→ Prompt:
In the entries below, repeat only the lines between those holding "Bernhard Schlink Quote" and "Effect of Dapagliflozin", inclusive. Leave pictures out.

→ Supplied material:
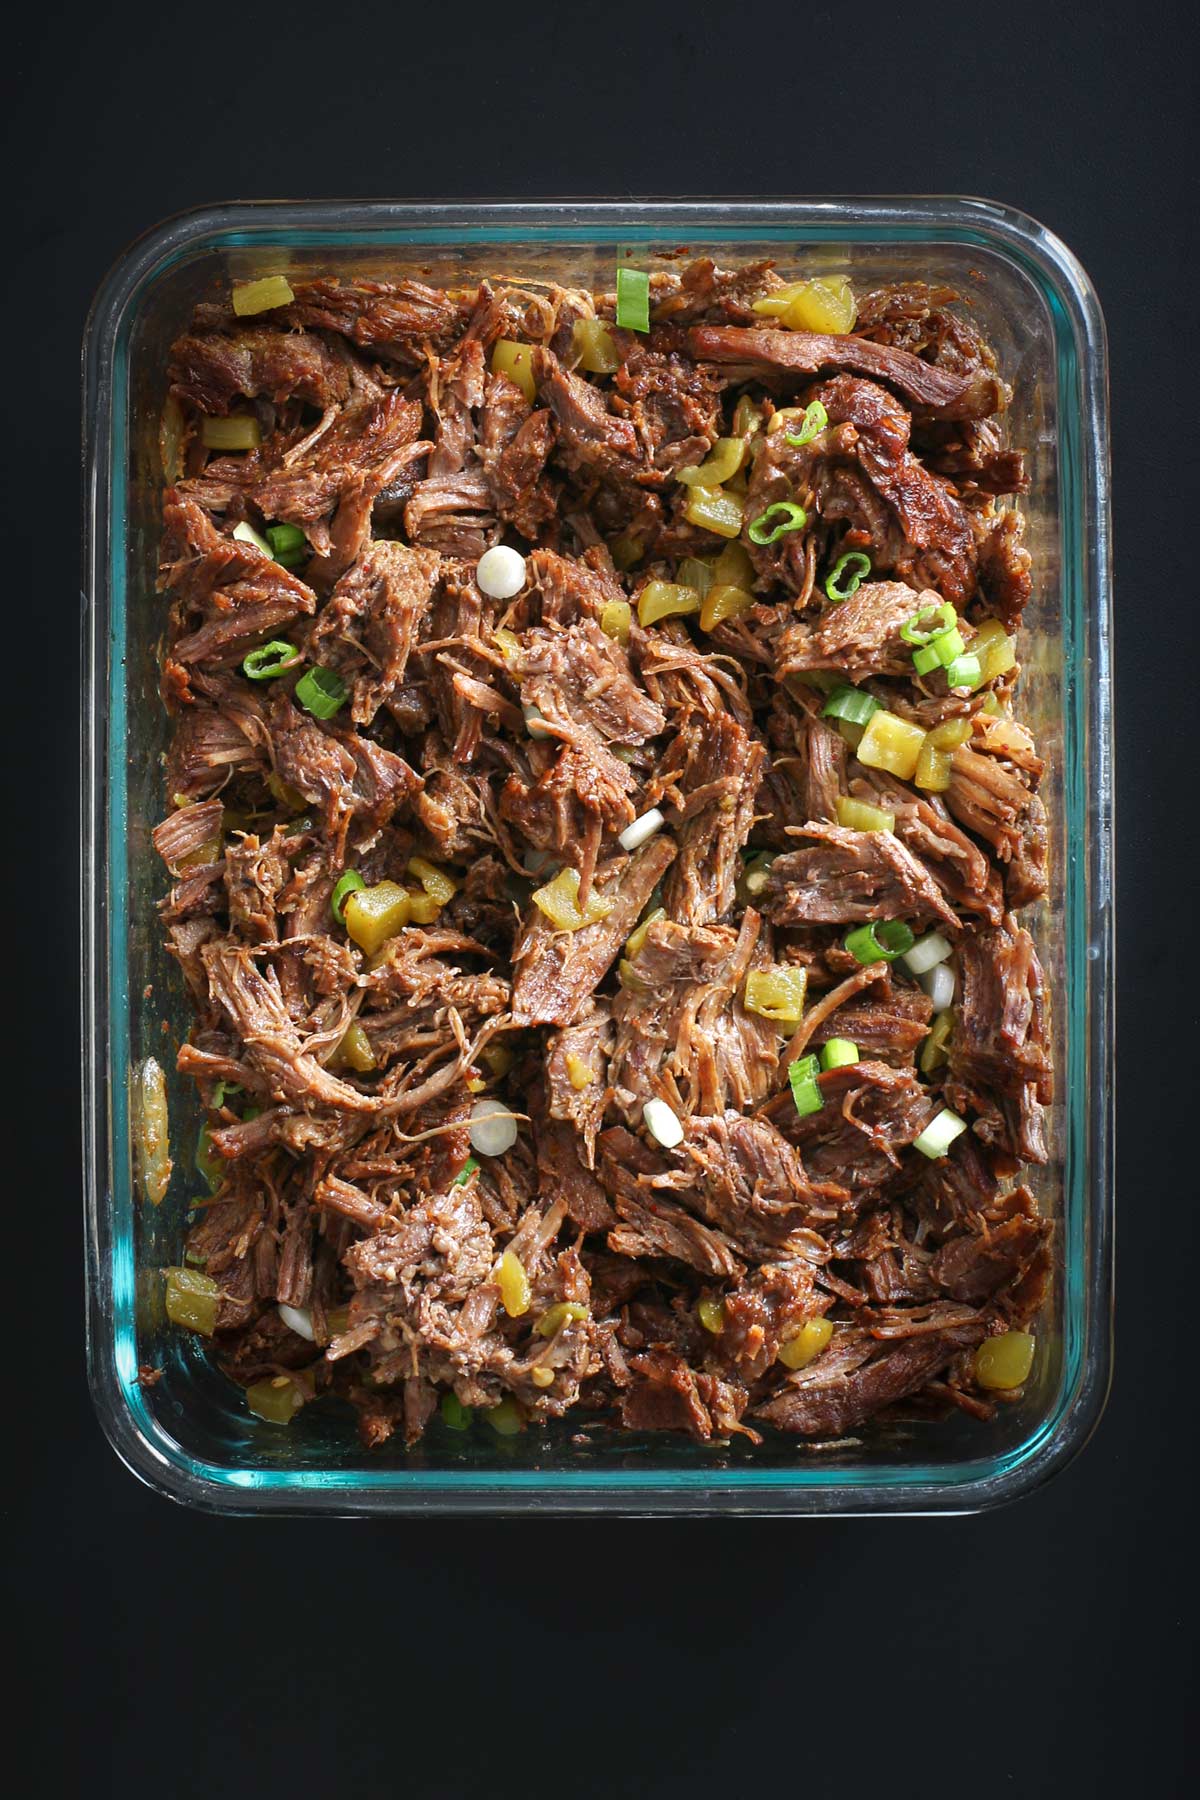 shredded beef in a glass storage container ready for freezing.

==

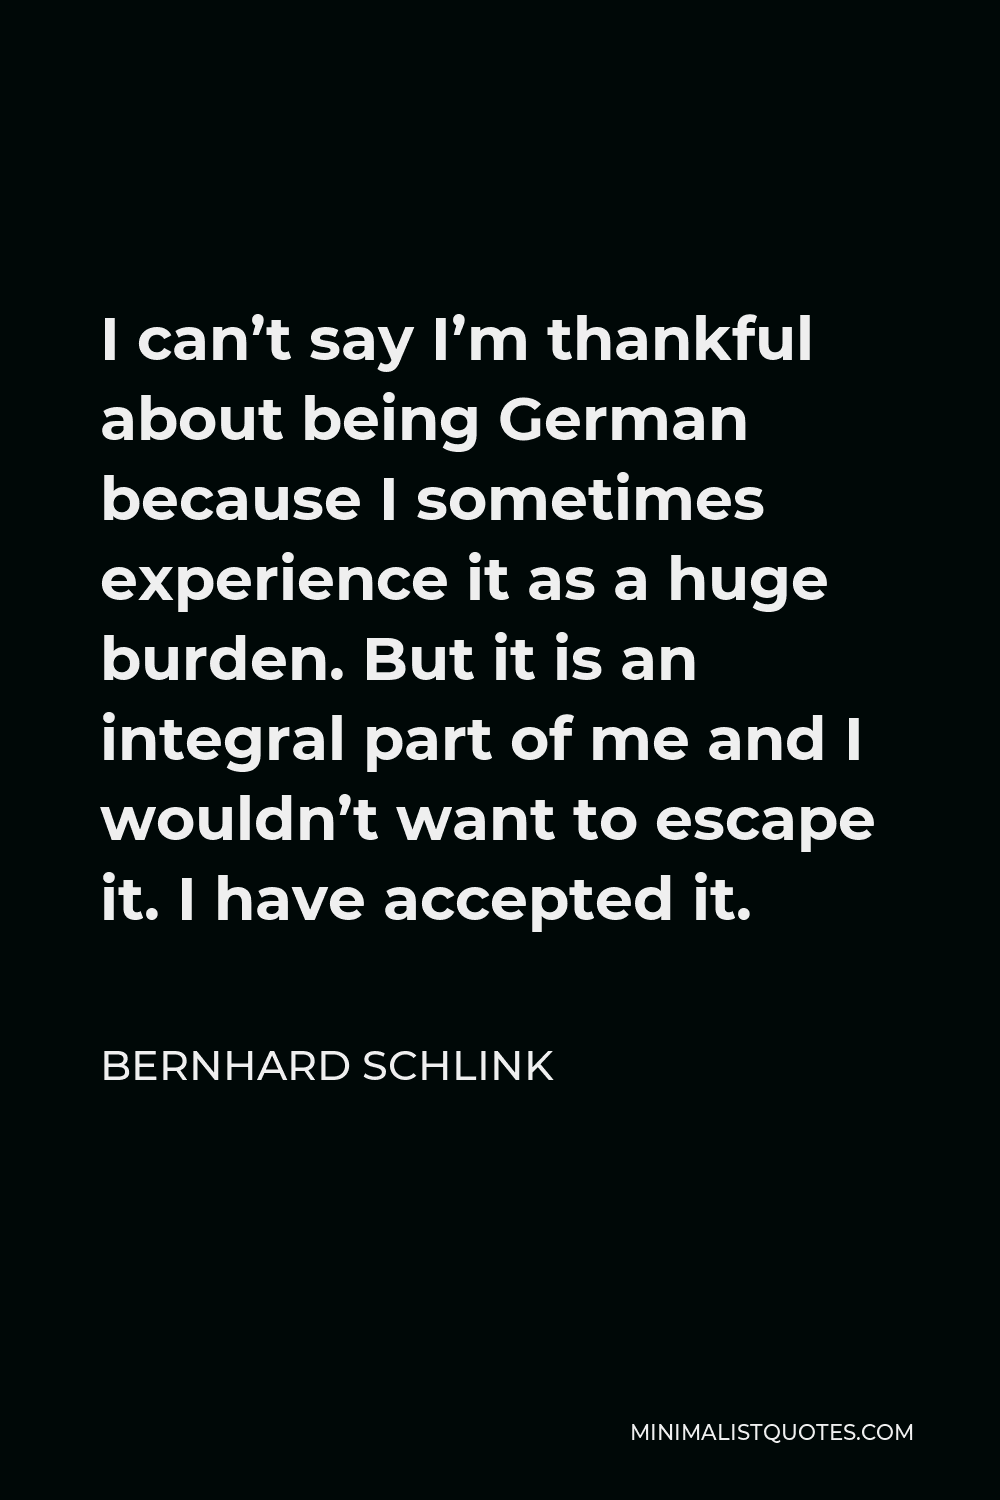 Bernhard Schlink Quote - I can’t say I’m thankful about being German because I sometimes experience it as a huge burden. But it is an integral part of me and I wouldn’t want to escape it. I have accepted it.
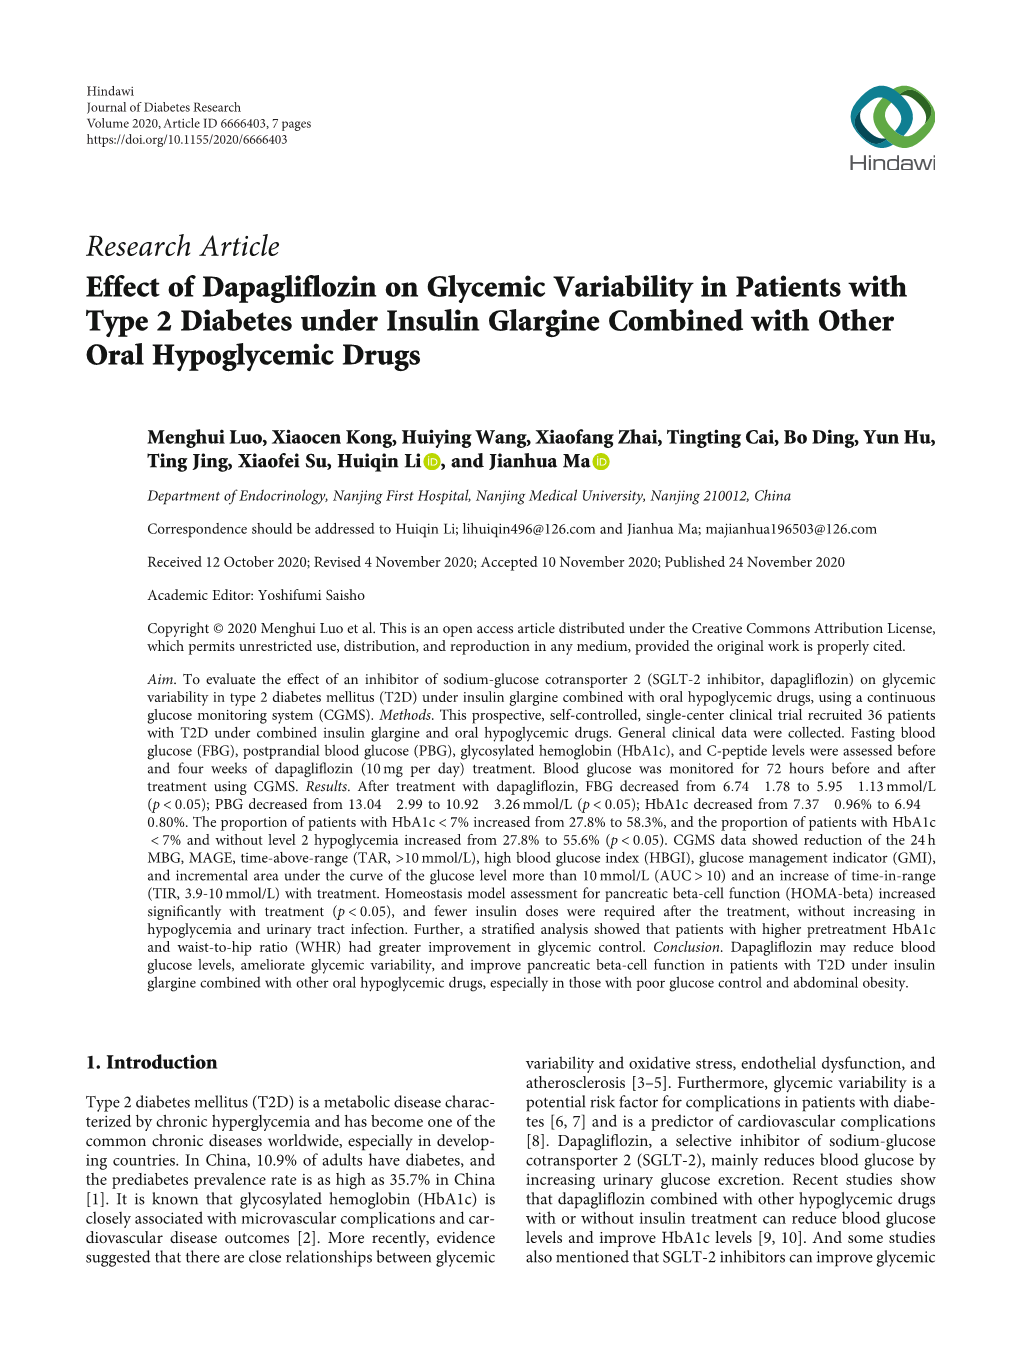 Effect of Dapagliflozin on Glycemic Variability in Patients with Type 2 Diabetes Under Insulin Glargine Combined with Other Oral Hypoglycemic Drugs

...

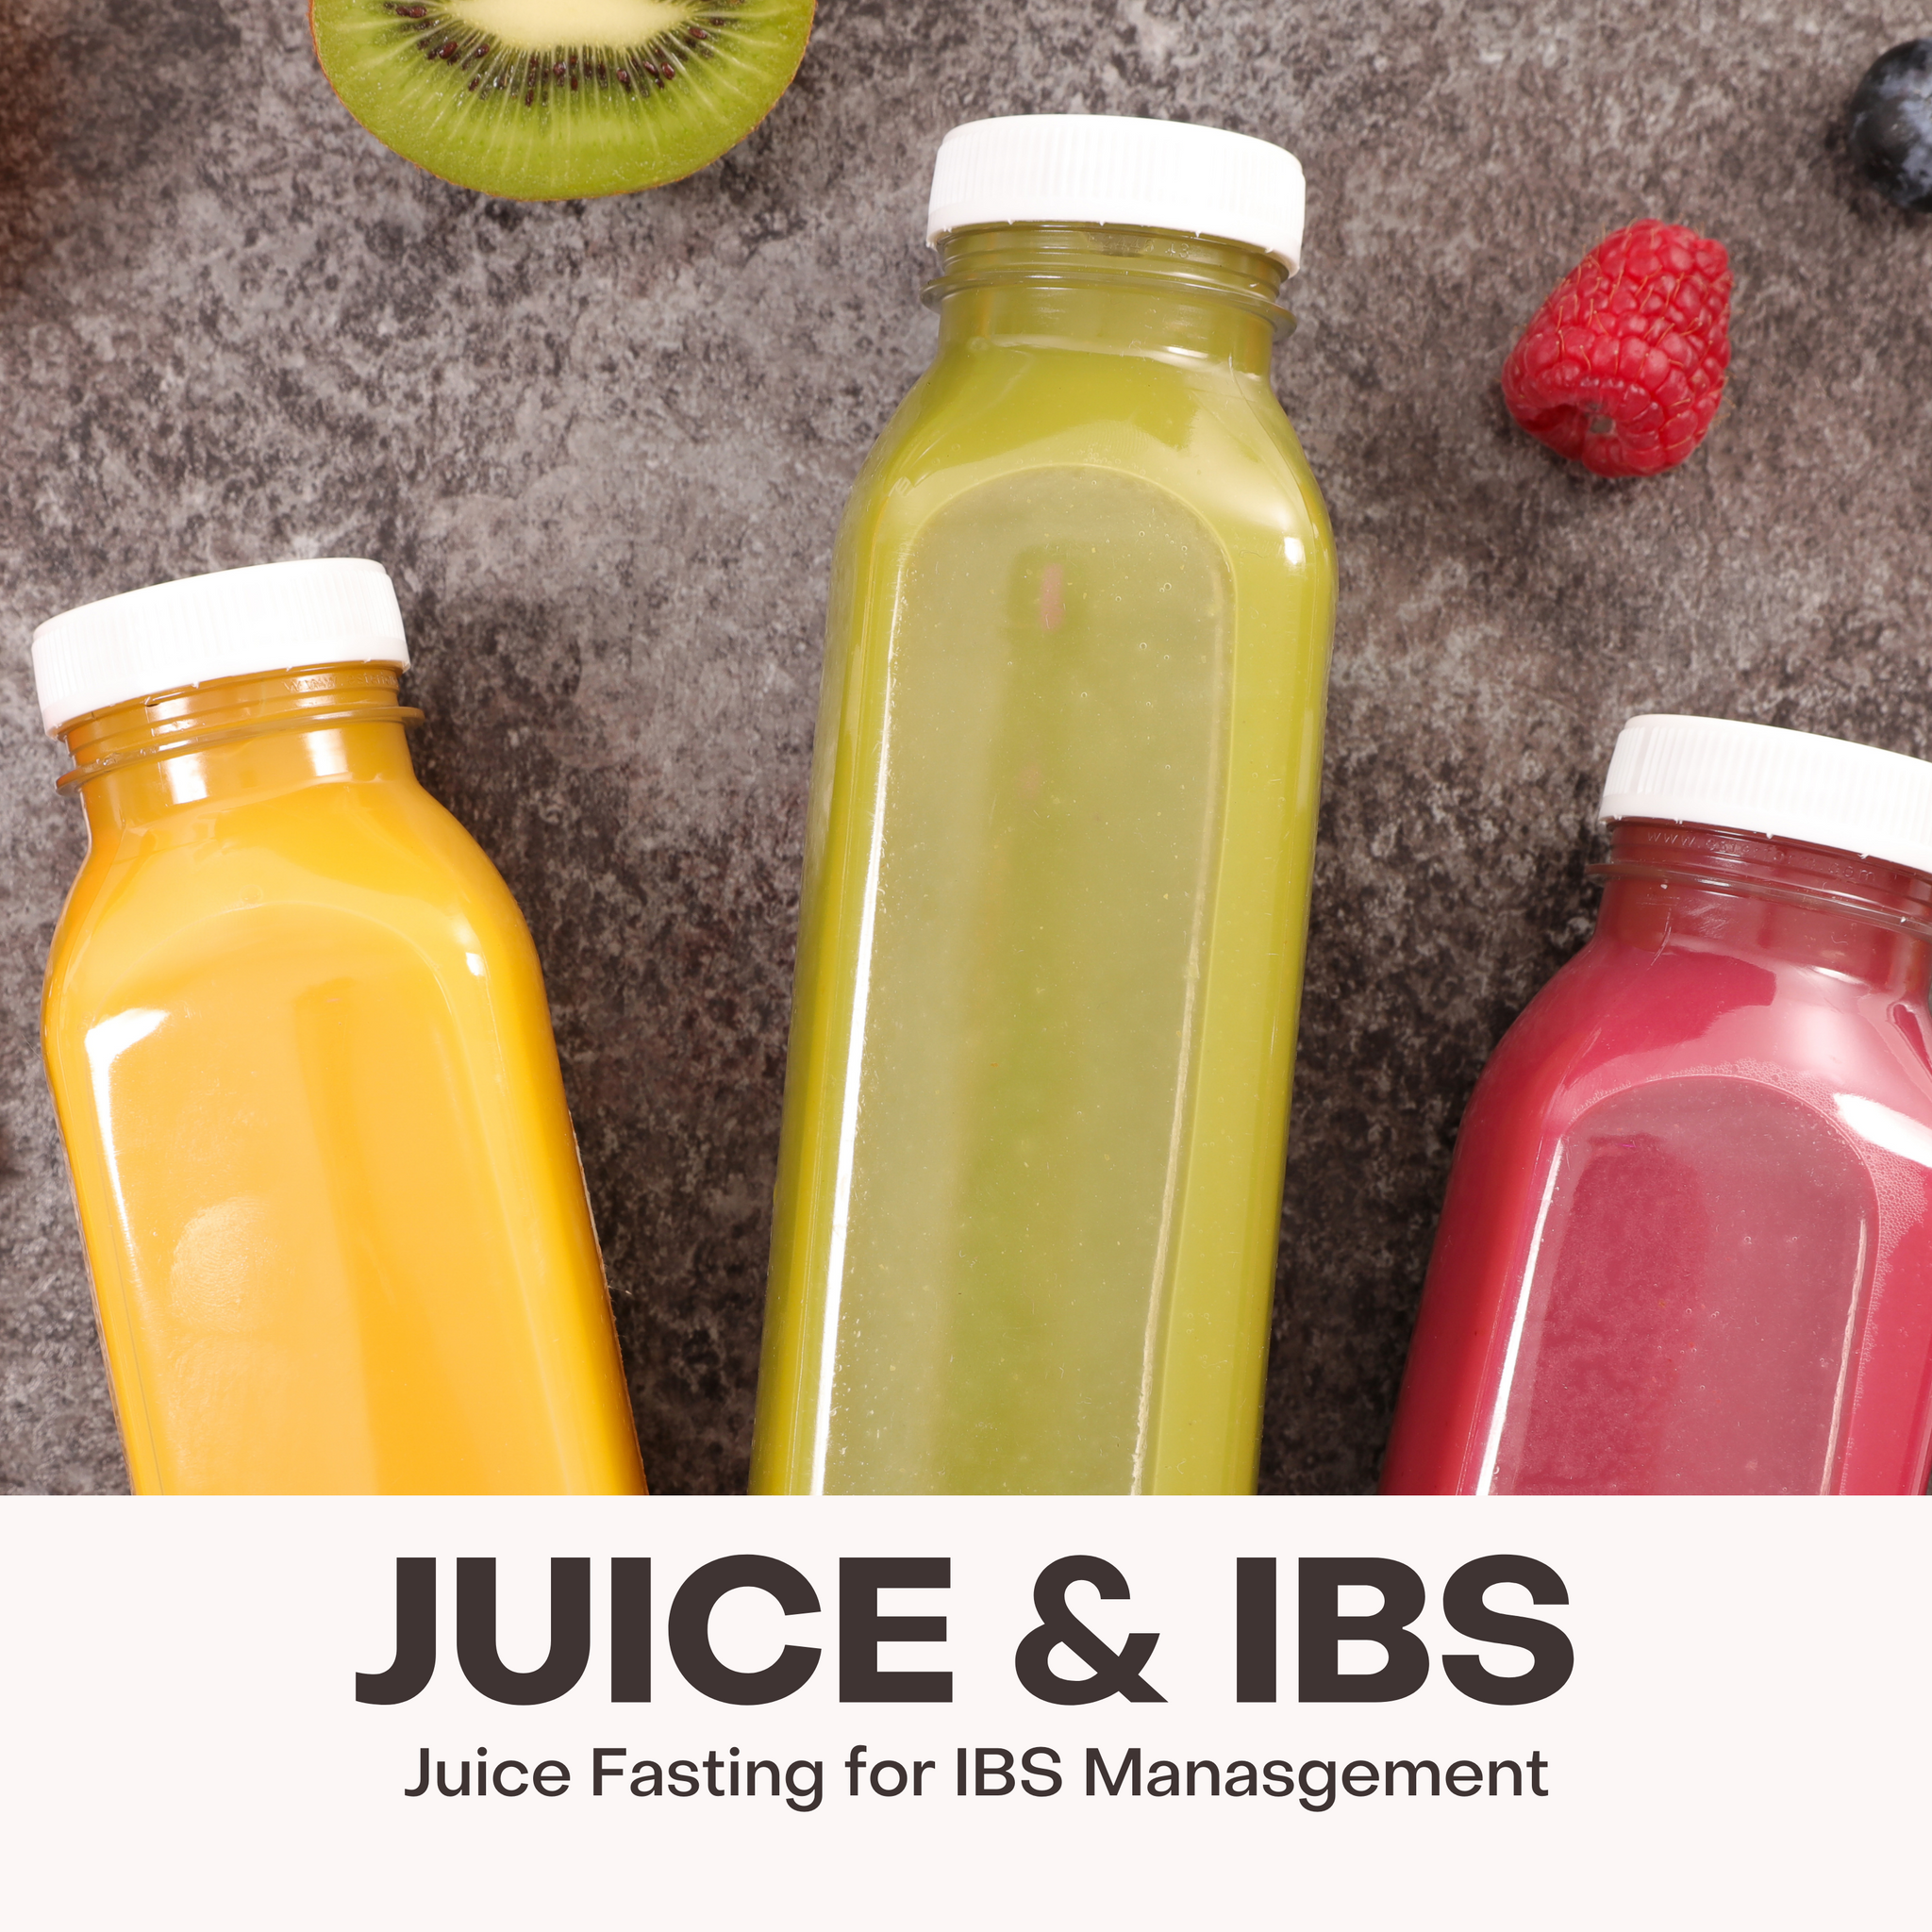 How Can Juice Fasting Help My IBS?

→ Output:
 Bernhard Schlink Quote - I can’t say I’m thankful about being German because I sometimes experience it as a huge burden. But it is an integral part of me and I wouldn’t want to escape it. I have accepted it.
 Effect of Dapagliflozin on Glycemic Variability in Patients with Type 2 Diabetes Under Insulin Glargine Combined with Other Oral Hypoglycemic Drugs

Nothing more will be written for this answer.